There is a decent discussion of this here (not my content). Basically when you distribute SGD, you have to communicate gradients back and forth somehow between workers. This is inherently imperfect, and so your distributed SGD typically diverges from a sequential, single-worker SGD at least to some degree. It is also typically faster, so there is a trade off.
[Zhang et. al., 2015] proposes one method for distributed SGD called elastic-averaged SGD. The paper goes through a stability analysis characterizing the behavior of the gradients under different communication constraints. It gets a little heavy, but it might shed some light on why you see this behavior.
Edit: regarding whether the loss should be lower for the higher accuracy, it is going to depend on a couple of things. First, I am assuming that you are using softmax cross-entropy for your loss (as stated in the deep_cnn tutorial you linked), and assuming accuracy is the total number of correct predictions divided by the total number of samples. In this case, a lower loss on the same dataset should correlate to a higher accuracy.

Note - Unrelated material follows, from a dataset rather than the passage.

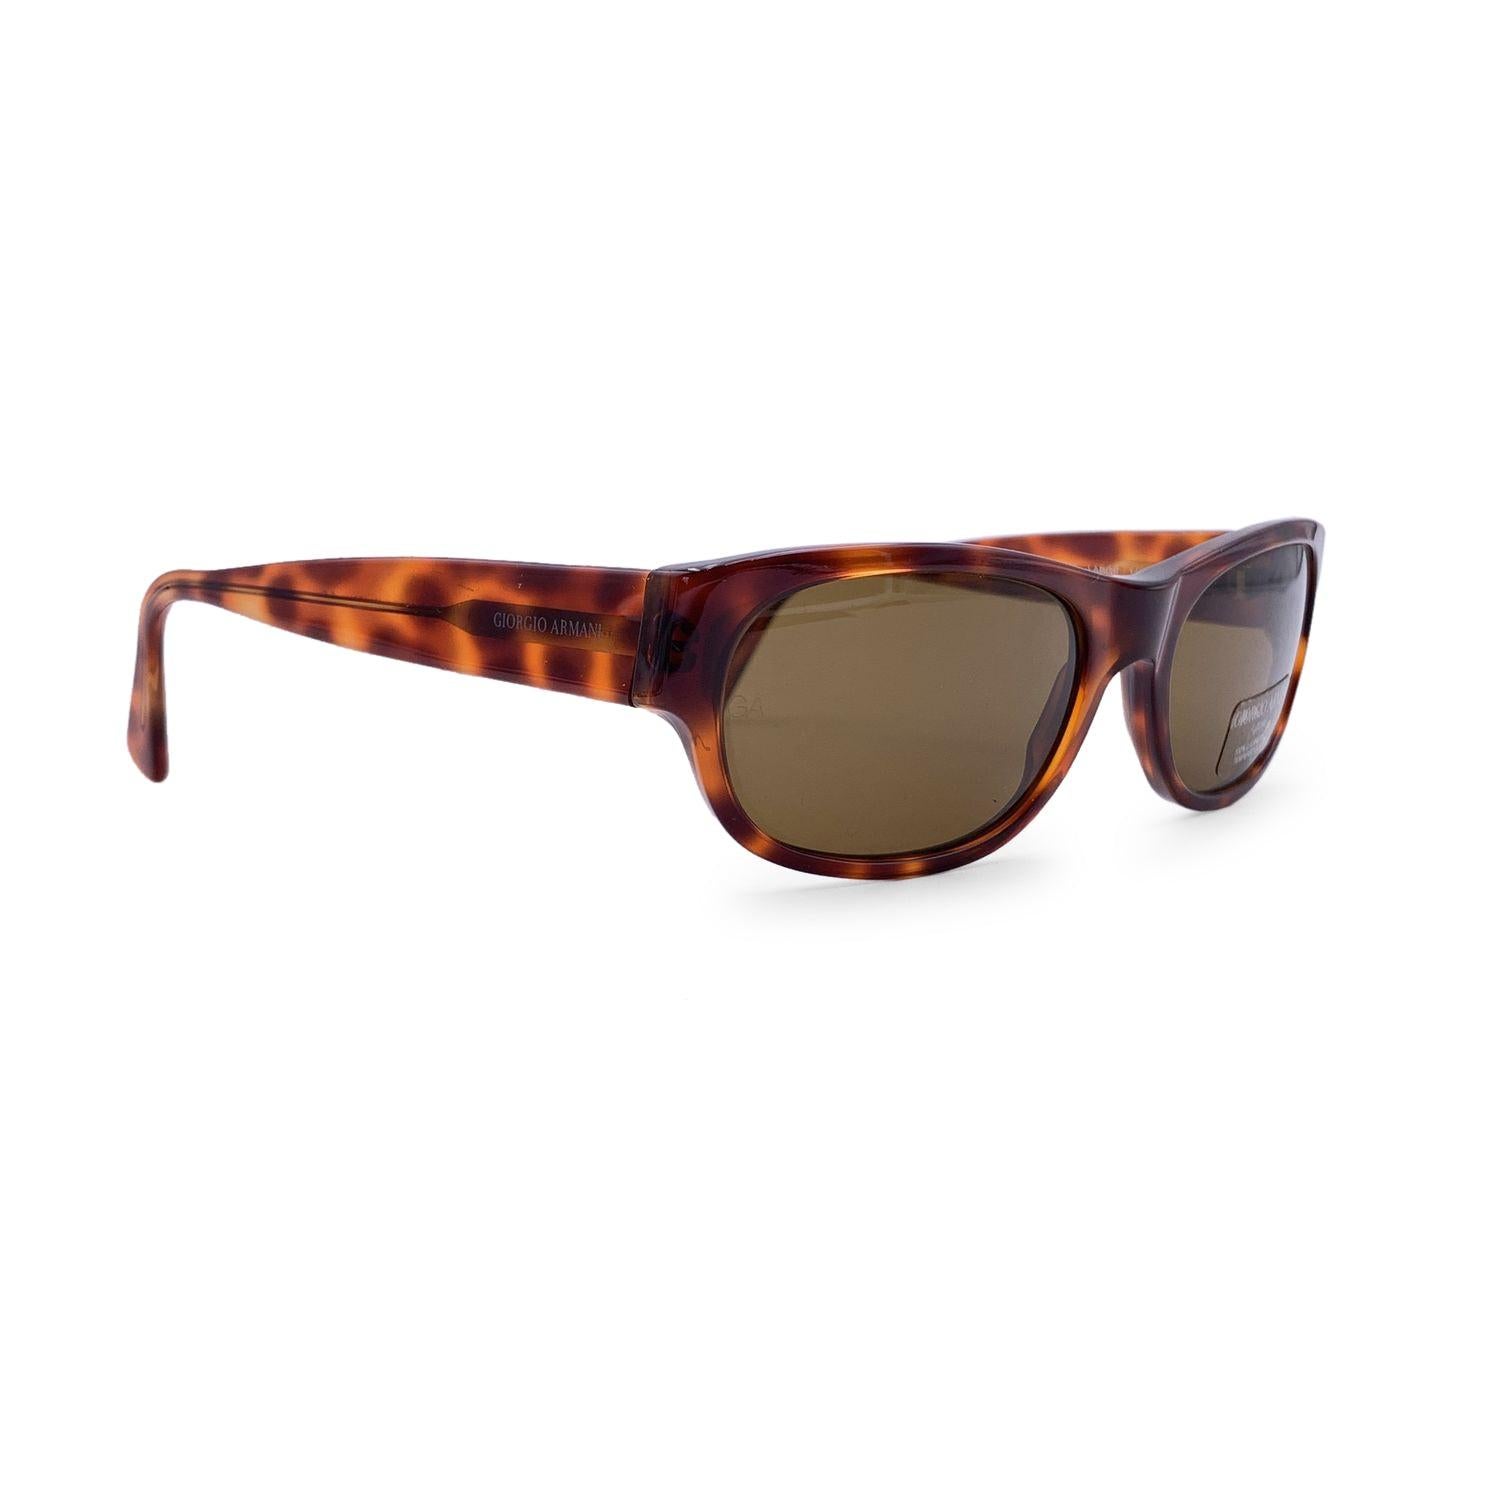 Giorgio Armani Vintage Brown Rectangle Sunglasses 845 050 140 mm In Excellent Condition For Sale In Rome, Rome

The emphasis is important.
If you are reporting loss during training but then report accuracy on your validation (or testing) dataset, it is possible for these two to be only loosely correlated. This is because the model is fitting (minimizing loss) to a certain subset of your total samples throughout the training process, and then tests against new samples that it has never seen before to verify that it generalizes well. The loss against this testing/validation set could be (and probably is) higher than the loss against the training set, so if the two numbers are being reported from different sets, you may not be able to draw comparisons like "loss for 1 GPU case should be lower since its accuracy is lower".
Second, if you are distributing the training then you are calculating losses across multiple workers (I believe), but only one accuracy at the end, again against a testing or validation set. Maybe the loss being reported is the best loss seen by any one worker, but overall the average losses were higher.
Basically I do not think we have enough information to decisively say why the loss and accuracy do not seem to correlate the way you expect, but there are a number of ways this could be happening, so I wouldn't dismiss it out of hand.
I've also encountered this issue.
See Accurate, Large Minibatch SGD: Training ImageNet in 1 Hour from Facebook which addresses the same issue. The suggested solution is simply to scale up the learning rate by k (after some reasonable warm-up epochs) for k GPUs.
In practice I've found out that simply summing up the gradients from the GPUs (rather than averaging them) and using the original learning rate sometimes does the job as well.